The department reached this resolution with Ericsson based on a number of factors, including the Company’s failure to voluntarily disclose the conduct to the department and the nature and seriousness of the offense, which included FCPA violations in five countries and the involvement of high-level executives at the Company. Ericsson received partial credit for its cooperation with the department’s investigation, which included conducting a thorough internal investigation, making regular factual presentations to the department, voluntarily making foreign-based employees available for interviews in the United States, producing extensive documentation and disclosing some conduct of which the department was previously unaware.

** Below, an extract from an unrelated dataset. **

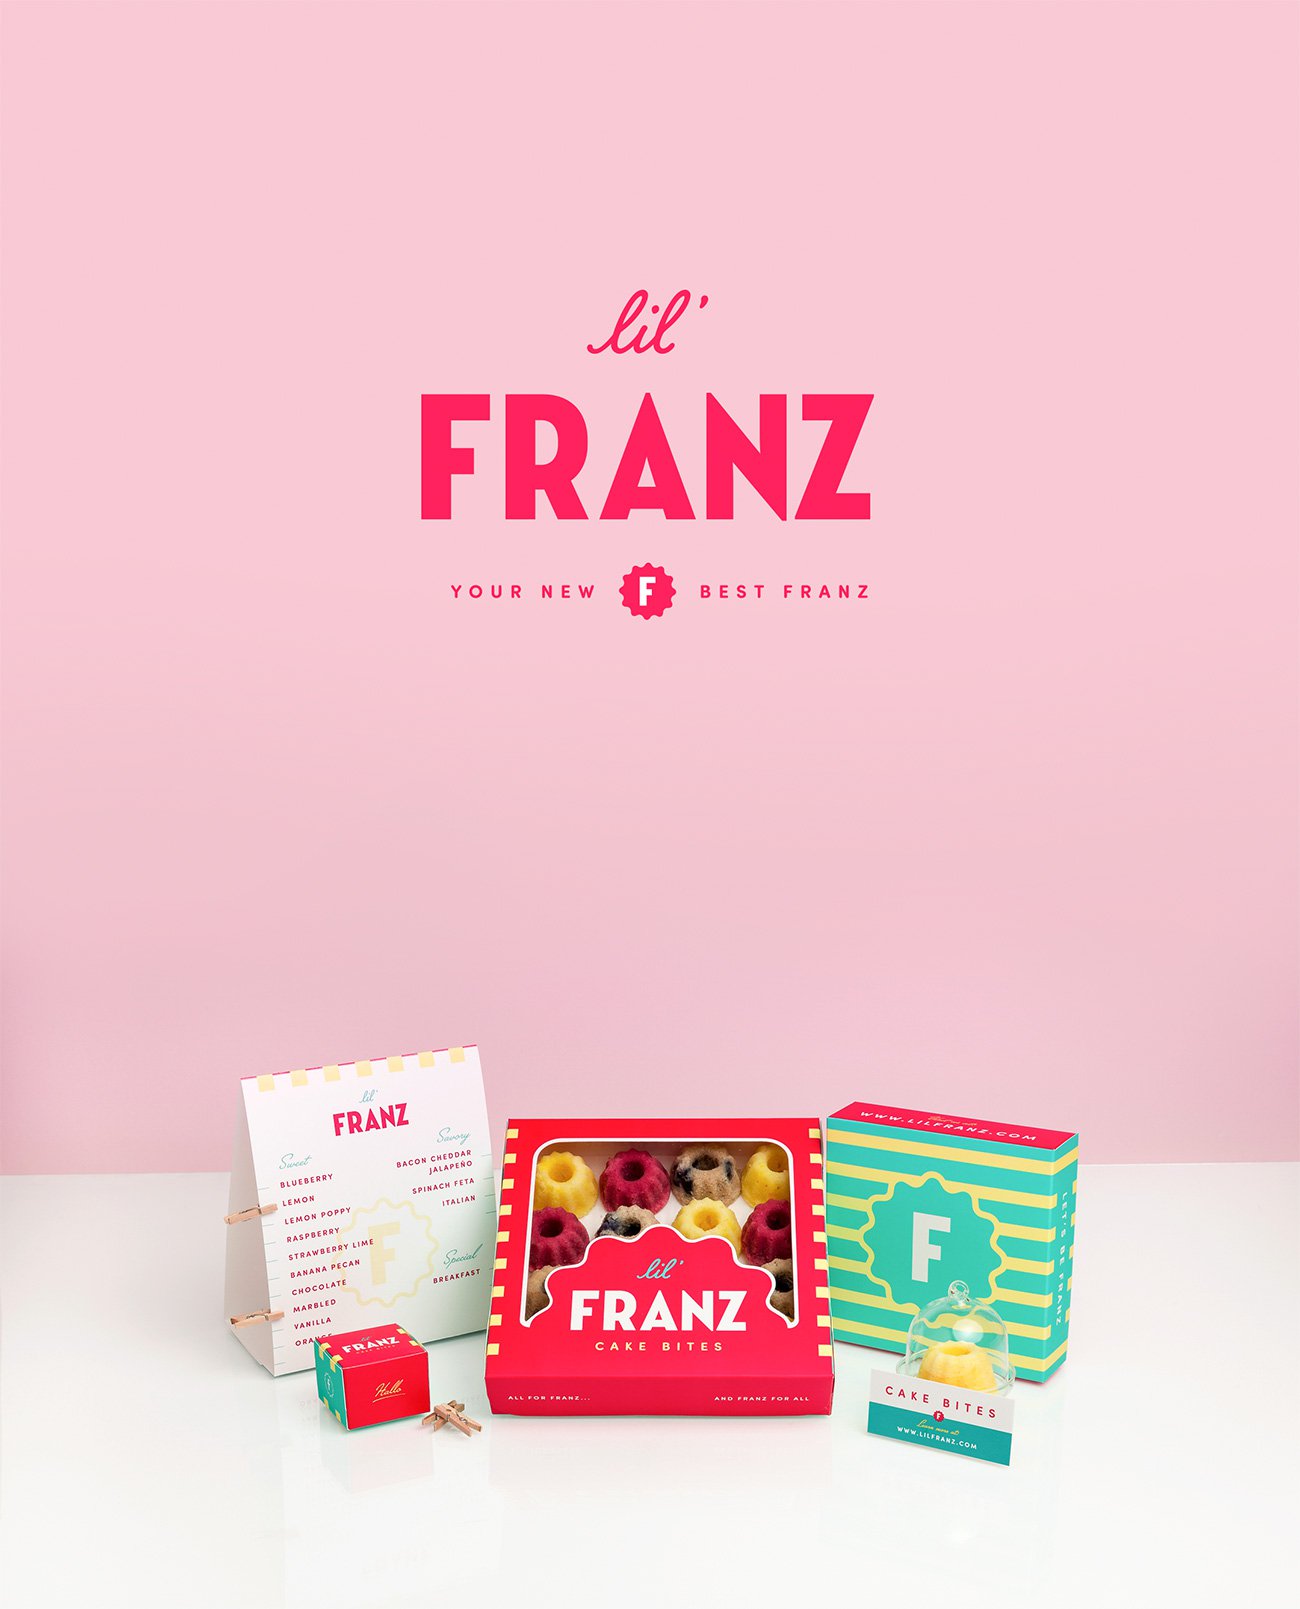 Lil' Franz Branding

Ericsson did not receive full credit for cooperation and remediation because it did not disclose allegations of corruption with respect to two relevant matters; it produced certain materials in an untimely manner; and it did not fully remediate, including by failing to take adequate disciplinary measures with respect to certain employees involved in the misconduct. The Company has been enhancing and committed to further enhance its compliance program and internal accounting controls. Accordingly, the total criminal penalty reflects a 15 percent reduction off the bottom of the applicable United States Sentencing Guidelines fine range.
In the related matter, Ericsson agreed to pay to the SEC disgorgement and prejudgment interest totaling approximately $540 million.
The case is being investigated by IRS-CI. Acting Assistant Chief Andrew Gentin and Trial Attorney Michael Culhane Harper of the Criminal Division’s Fraud Section and Assistant U.S. Attorney David Abramowicz of the Southern District of New York are prosecuting the case. The Criminal Division’s Office of International Affairs provided assistance.
The department appreciates the significant cooperation provided by the SEC and law enforcement authorities in Sweden in this case.
The Fraud Section is responsible for investigating and prosecuting all FCPA matters. Additional information about the Justice Department’s FCPA enforcement efforts can be found at www.justice.gov/criminal-fraud/foreign-corrupt-practices-act.